Step1: Analyze the original function's graph

The original function has a local maximum at \( x = 2 \) (since the graph reaches a peak there) and a local minimum? Wait, no, looking at the original graph: on the left, it comes from the top left, goes down, then on the right side of \( x = 0 \), it rises to a peak at \( x = 2 \), then falls. Also, the left part (for \( x < - 4 \) maybe?) and the right part (for \( x > 3 \)) go down. Wait, actually, the original function's derivative will tell us about the slope.

- When the original function is decreasing (slope negative), the derivative is negative.
- When the original function is increasing (slope positive), the derivative is positive.
- At the peak (local maximum) of the original function (at \( x = 2 \)), the derivative should be zero (horizontal tangent).
- Let's track the slope:
- For \( x < - 4 \): The original function is decreasing (going down as \( x \) increases towards -4), so derivative is negative.
- Between \( - 4 \) and \( 2 \): Wait, no, looking at the original graph: from \( x = - 5 \) to \( x = 2 \), wait, no, the graph on the left (left of \( x = 0 \)): at \( x = - 4 \), it crosses the x-axis, then goes down to a minimum? Wait, maybe better to look at the critical points. The original function has a local maximum at \( x = 2 \) (where the slope is zero, derivative zero).

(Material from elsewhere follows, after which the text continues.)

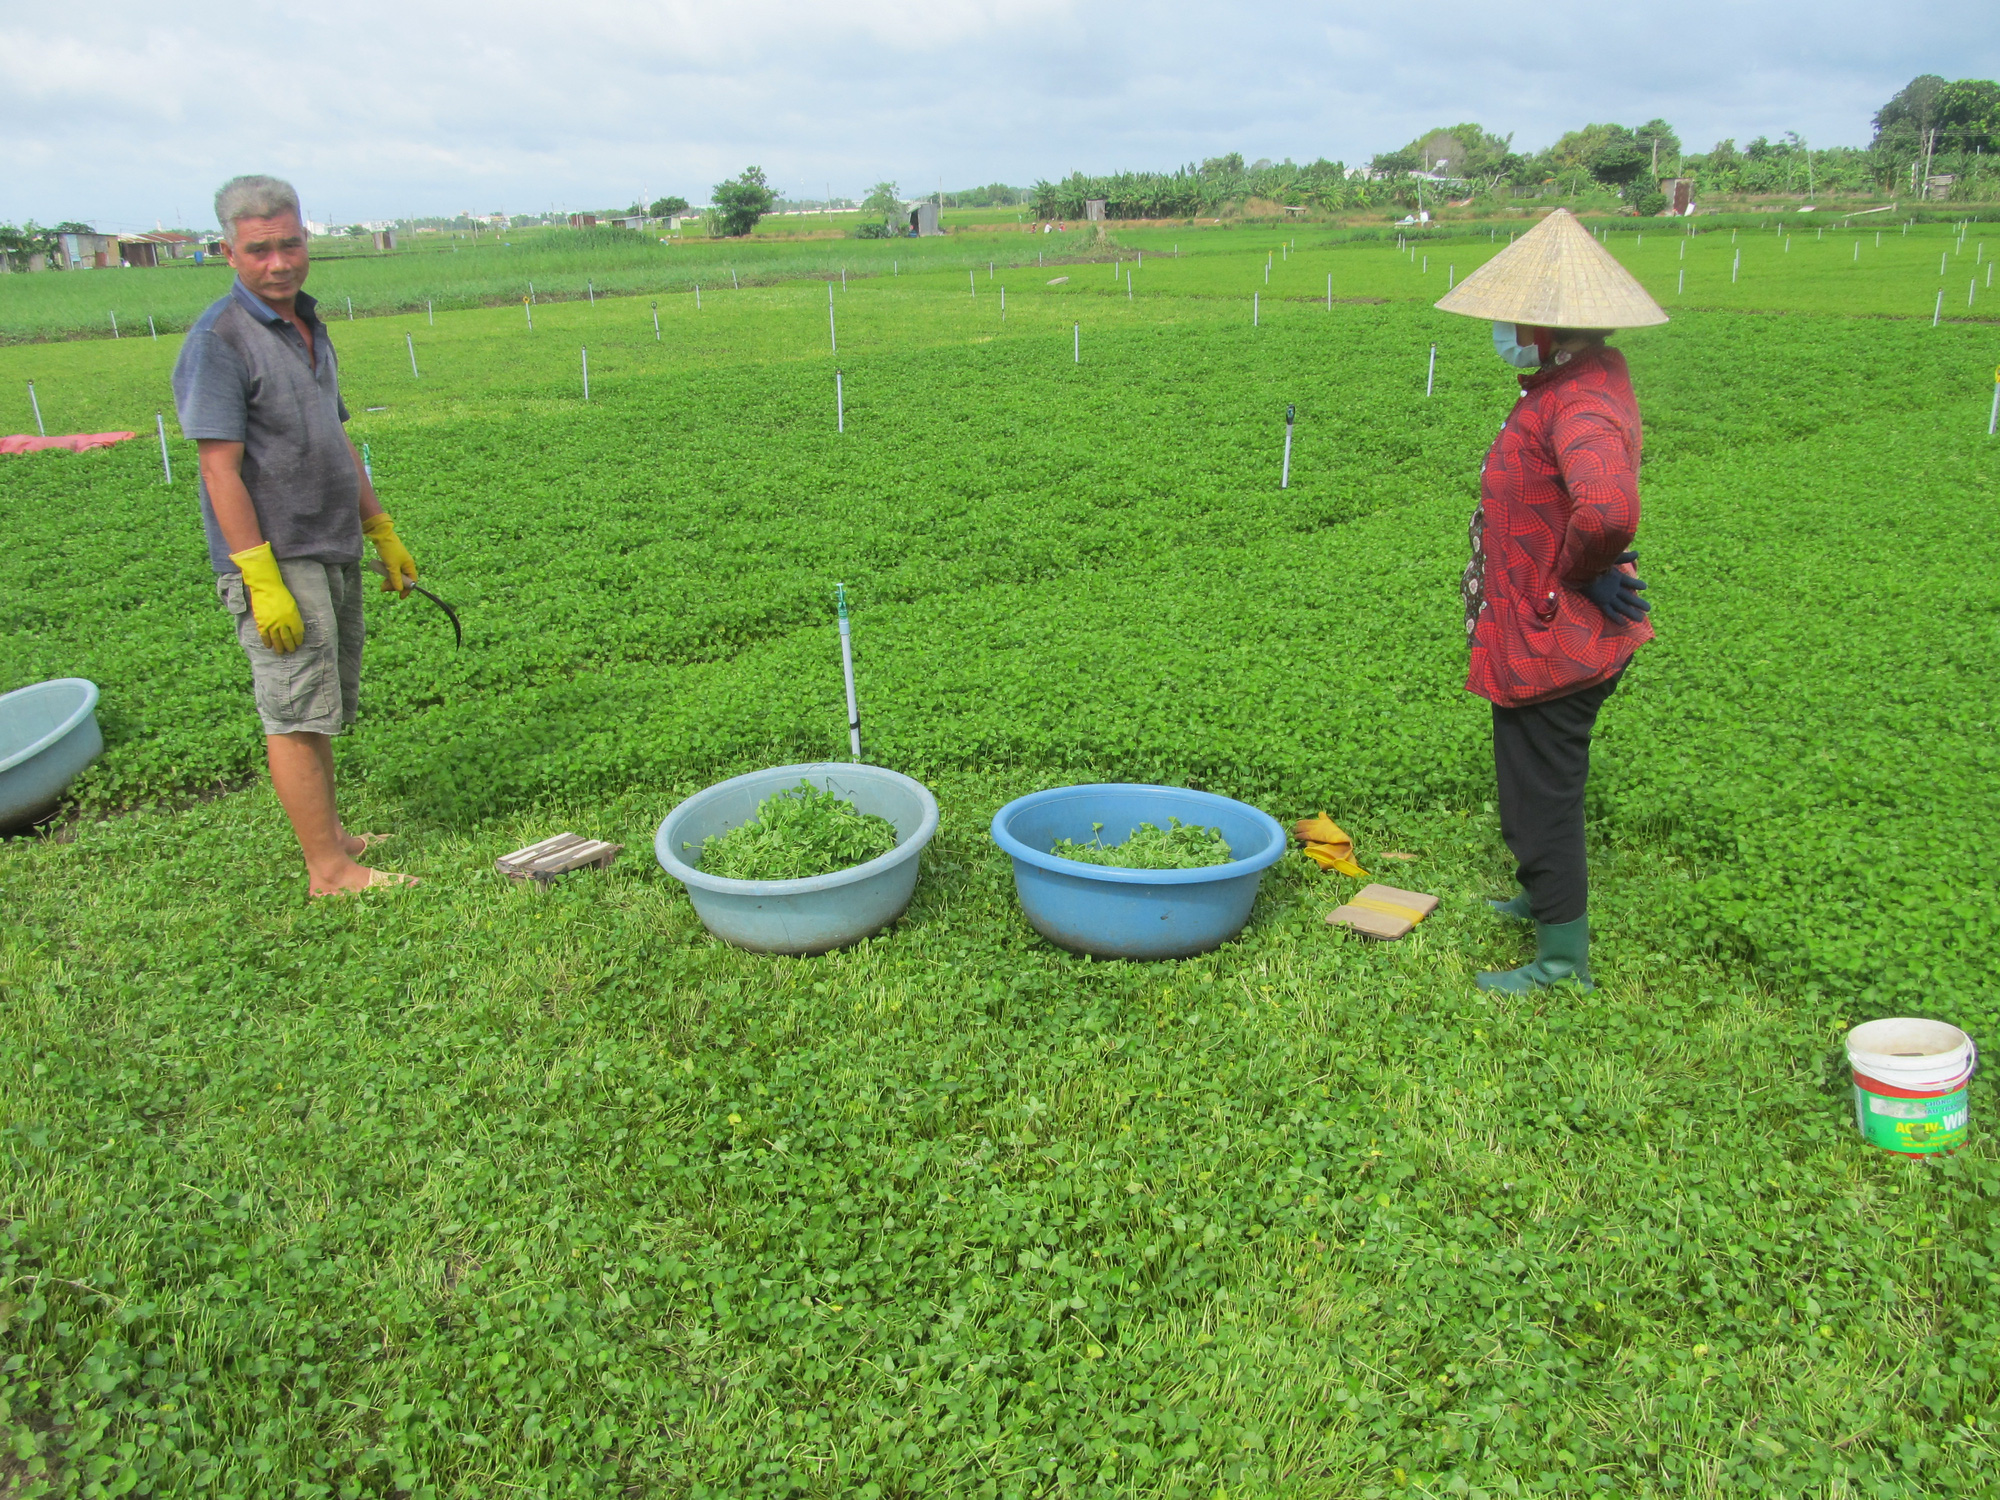 Giá rau má rẻ như cho mà vẫn không bán được, nông dân Long Phước cắt rau má cho heo rừng ăn - Ảnh 2.
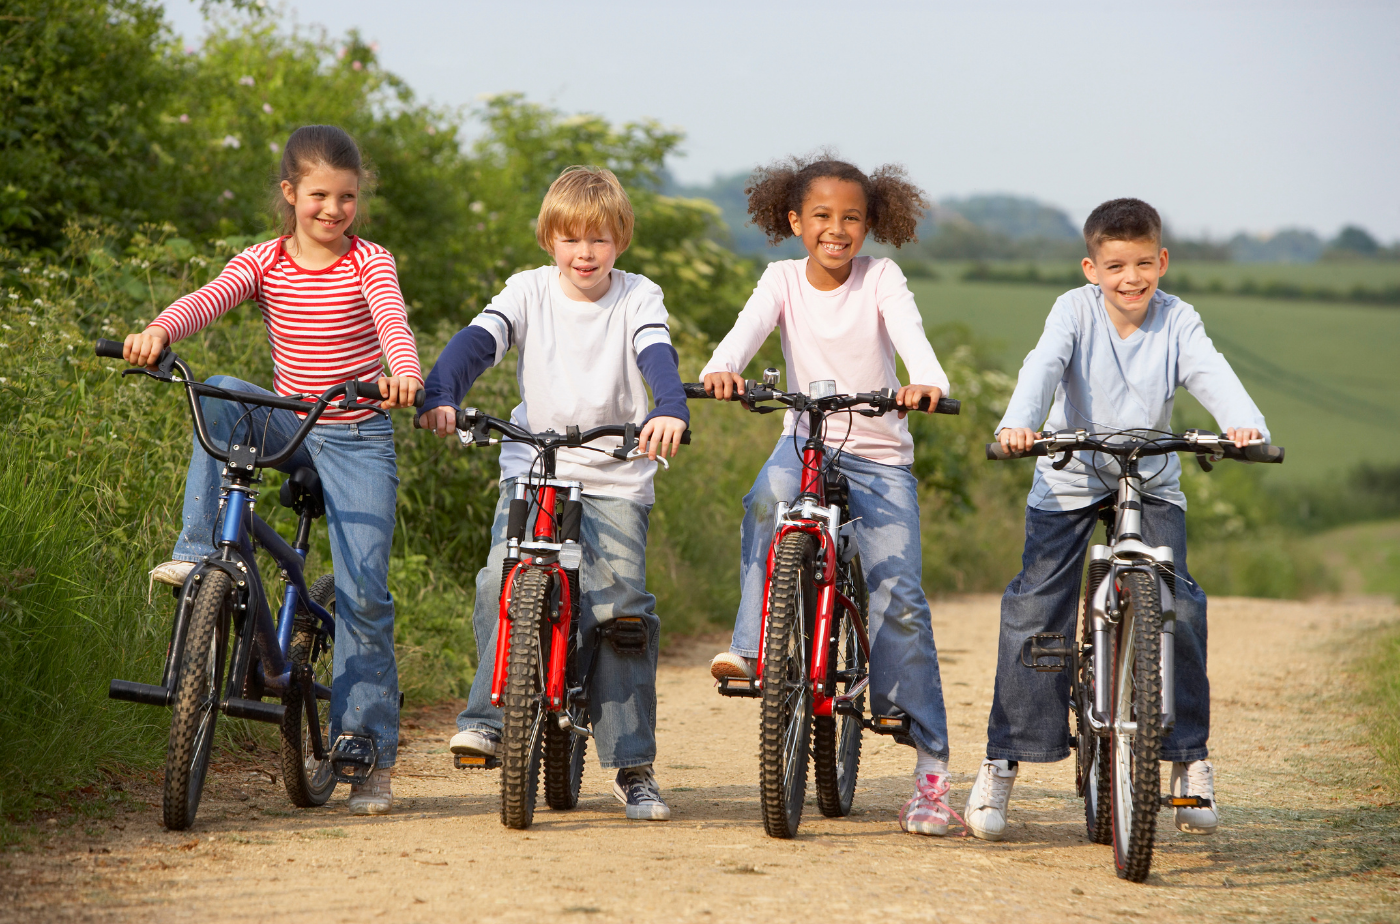 4 Kinder fahren draußen Fahrrad. Bis zum 30. Mai können die Materialien für die Teilnahme an der Kindermeilen-Kampagne kostenlos bestellt werden. Foto: Kids riding bikes outdoos von BananaStock von Photo Images via Canva.com

Also, let's see the behavior:

- As \( x \) approaches \( -\infty \), the original function is decreasing (slope negative), then at some point (left of \( x = - 4 \)) it starts decreasing? Wait, maybe the original function is a cubic-like? No, the original graph: left side (x < -4) is decreasing (slope negative), then between -4 and 2, wait, no, the graph on the right of x=0: from x=0 to x=2, it's increasing (slope positive), then from x=2 to x=4, it's decreasing (slope negative). Also, on the left of x=0: from x=-5 to x=0, the function is decreasing (slope negative) until some point, then? Wait, maybe I messed up. Let's look at the derivative graphs.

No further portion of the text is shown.